Her body was already covered in scales and expanding. Just a matter of wings and tail and teeth and she'd be ready to attack.

Teheren set the baby down. It didn’t cry, its clear gray eyes far too intelligent for a human of its age and size. The scars on its cheek made it look sinister and dangerous. Oh, the child must definitely die.

“You might consider taking your dragon form,” Teheren said to the child as he began his own shift. “You are capable and it would be safer.”

He transformed from human to dragon effortlessly, completing the process at the same time as Aidan. Oh, he was intolerable, and she would not back down now. She clapped her wings above her back and shot fire at him. He stood broadside, screening the baby with his bulk, and was far enough away that that the fire did little more than heat the scales on his shoulder to a red glow. It should have been a stronger flame, brighter, hotter. It should have reached farther. She hesitated, uncertain, frightened for the first time that Teheren would be the victor in a battle.

“Are you certain you wish to do this now, while you are weakened from childbirth?” He spoke aloud, in the dragon speech she did not know. The insolence of this fueled her rage. Jaws open, she rushed at him, coming in low and fast, ready to tear at the softness of his underbelly. Maybe to reach beneath him and snatch the child, if she could reach her.

Teheren blocked her effortlessly with his shoulder. The solid blow grated against her teeth, sent pain slashing through her jaw and into her own neck. A gash opened where she had struck him, black blood welling up and running down his foreleg, but there was no serious damage. No vital hurt. It wouldn’t even be enough to slow him down.

Aidan retreated, ready for the counterattack. But the red-gold dragon did not move.

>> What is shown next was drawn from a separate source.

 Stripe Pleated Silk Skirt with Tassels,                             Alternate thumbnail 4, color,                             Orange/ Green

“I will defend myself and the little one,” he said, still aloud. “But I will not willingly fight a weaker dragon. You might do well to pay attention to those.”

Tuned to Teheren, she had missed the approach of the others. Drawn by the smell of blood and the sound of battle, they congregated outside the mouth of the cave. Held off for a moment by the narrow entrance and the need to proceed one at a time, but not for long. They had been denied a meal when the old dragon was killed. The mood was not one that would be denied again.

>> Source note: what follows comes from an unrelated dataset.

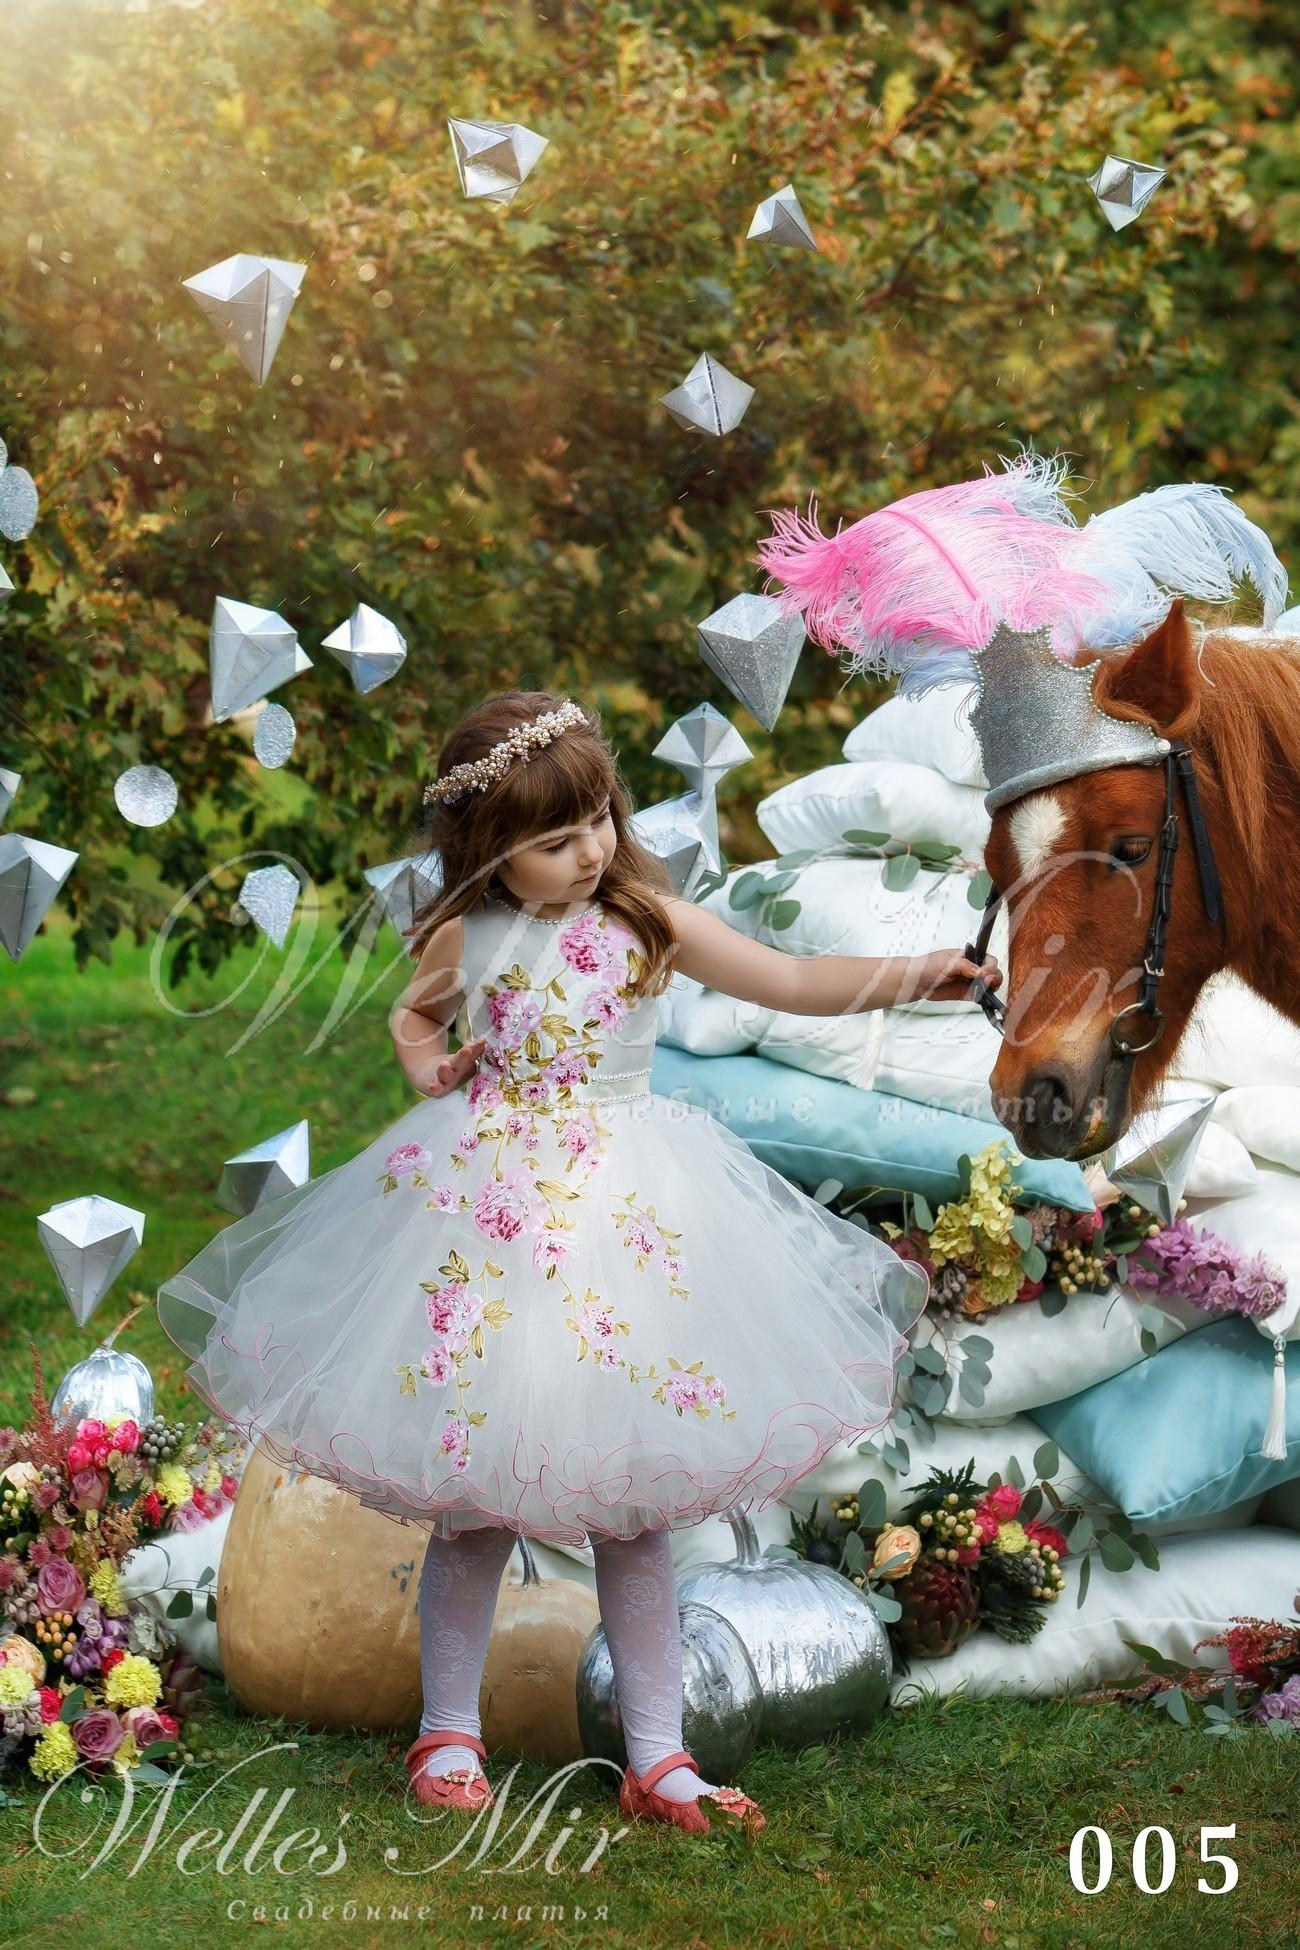 Детские платья Kids Deluxe Collection 2018 - 005

“We will be stronger as a united front,” Teheren suggested. “Shall we?”

It galled her that she could not respond to him in the ancient tongue, her dislike and annoyance growing into a festering hate.
It will take more than two of us to protect a bloodstained human child. I will not die in her defense.

“No need, I think.”

From under his belly emerged a black snout, and then a horned head, great golden eyes taking in every detail. The girl-child had shifted into a pure black dragon. Armored now with scales, able to run and fly, she would be not nearly so vulnerable. And the dragons were not yet hungry enough to kill and eat each other. A pure black dragon was special and rare. They had been willing to accept Aidan as Queen because of the color of her scales. And they would be hesitant to harm a young one of the royal color, no matter what.